Work instruction: Retype the data below verbatim; pictures do not belong in the copy.

Data:
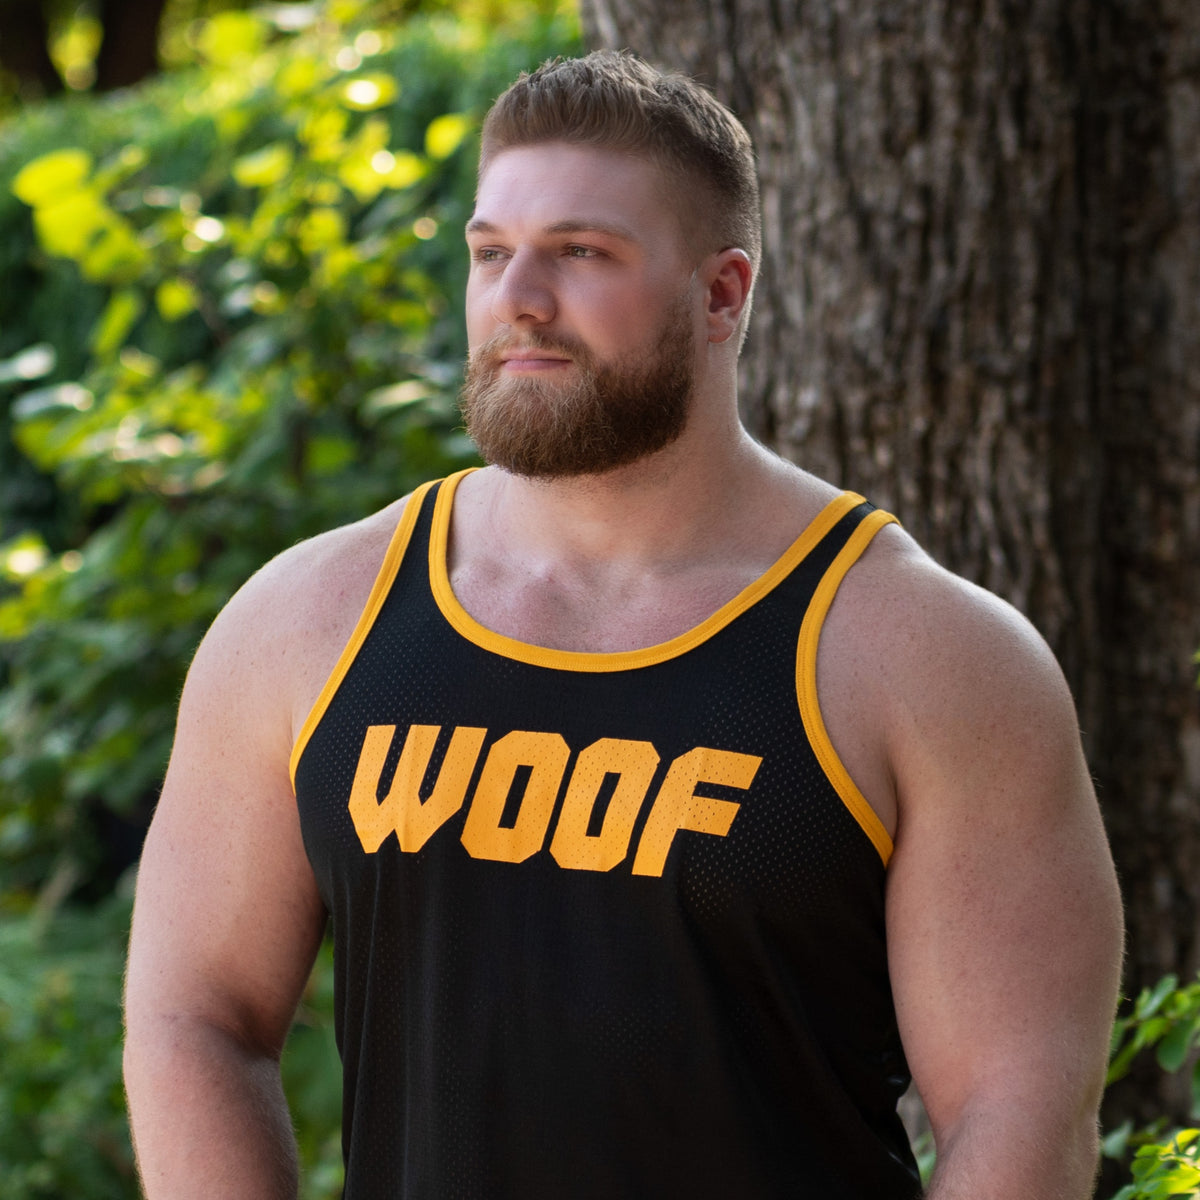 woof-black -&gt; The Woof Air Tank in Black, featuring a very handsome Riley
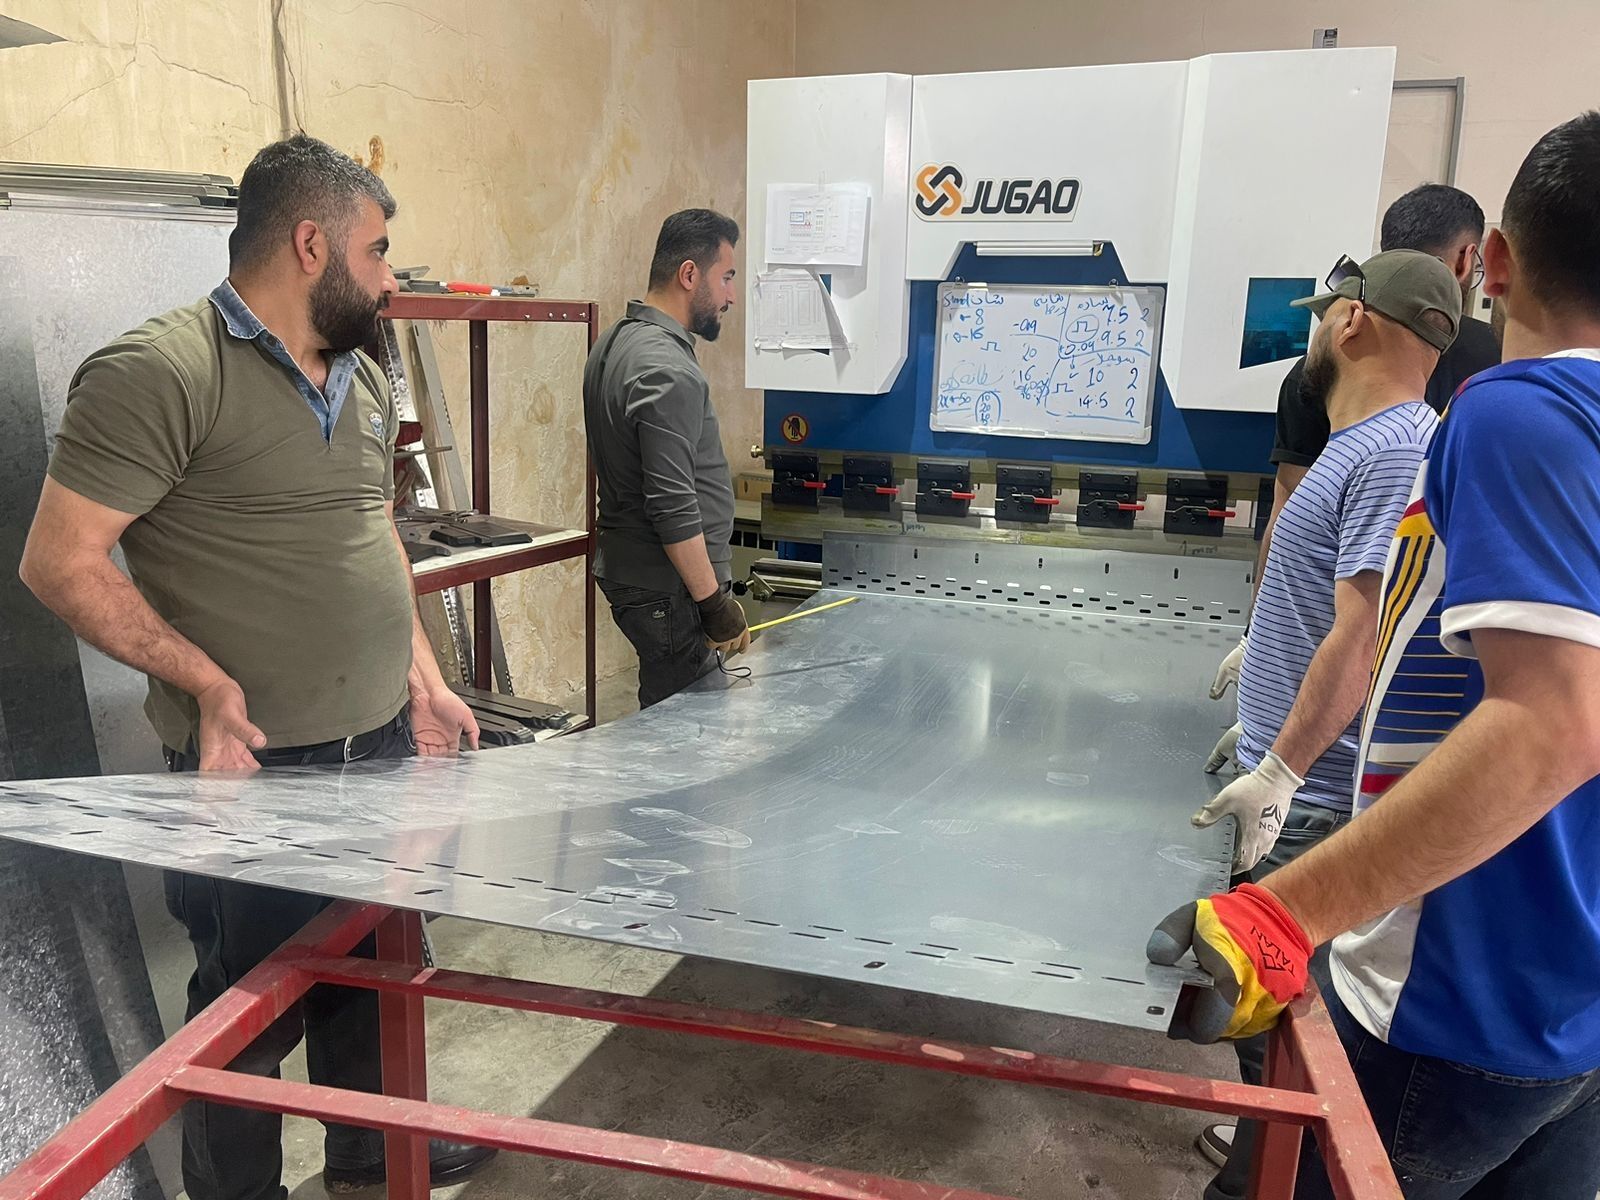 Iraqi customers received a JUGAO bending machine and were extremely satisfied
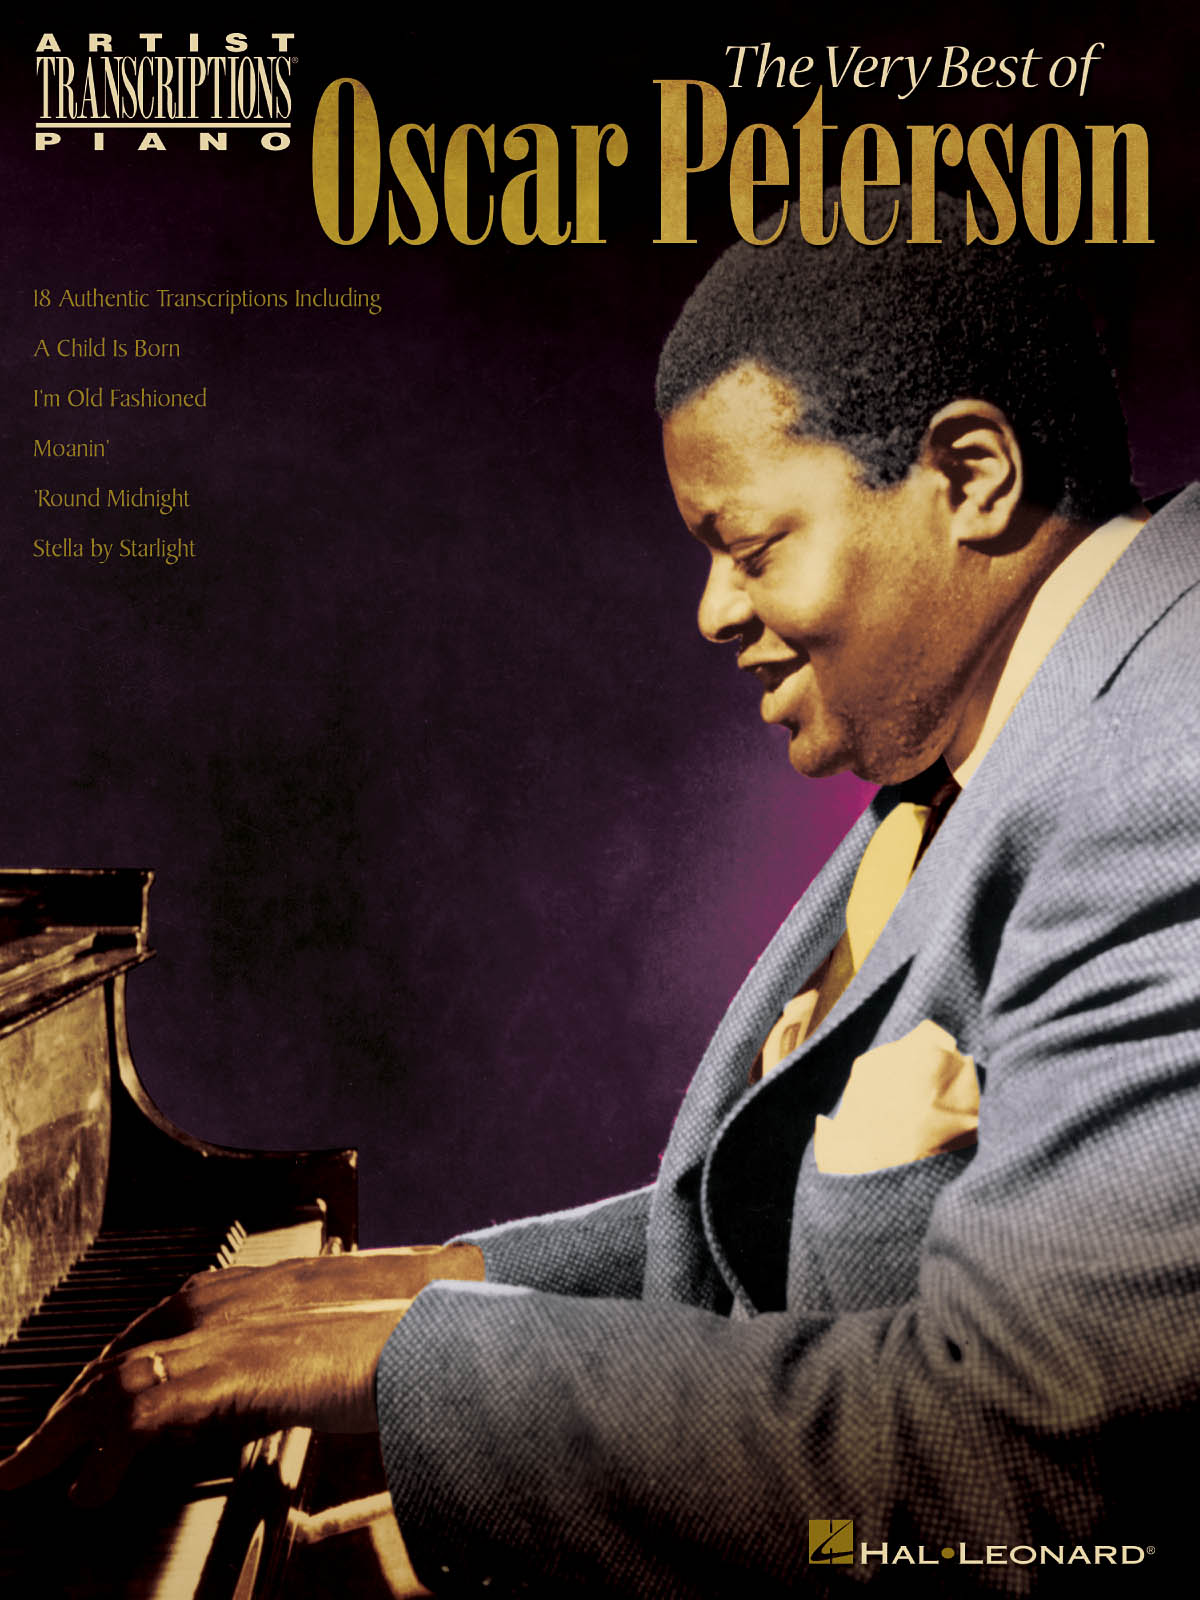 The Very Best of Oscar Peterson - 18 Authentic Transcriptions
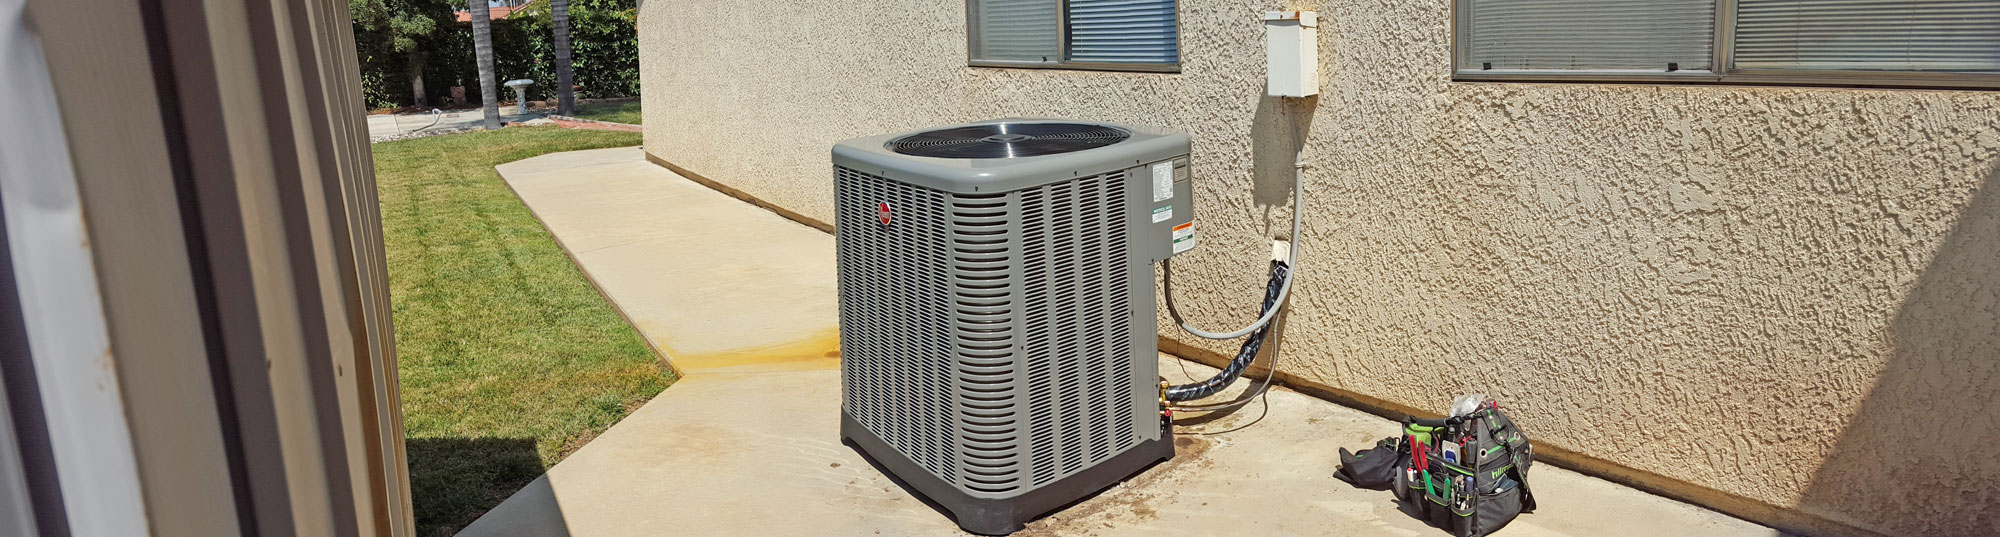 Air Conditioning and Heating Replacement Installation Moreno Valley, California

Your response:
 woof-black -&gt; The Woof Air Tank in Black, featuring a very handsome Riley
 Iraqi customers received a JUGAO bending machine and were extremely satisfied
 The Very Best of Oscar Peterson - 18 Authentic Transcriptions
 Air Conditioning and Heating Replacement Installation Moreno Valley, California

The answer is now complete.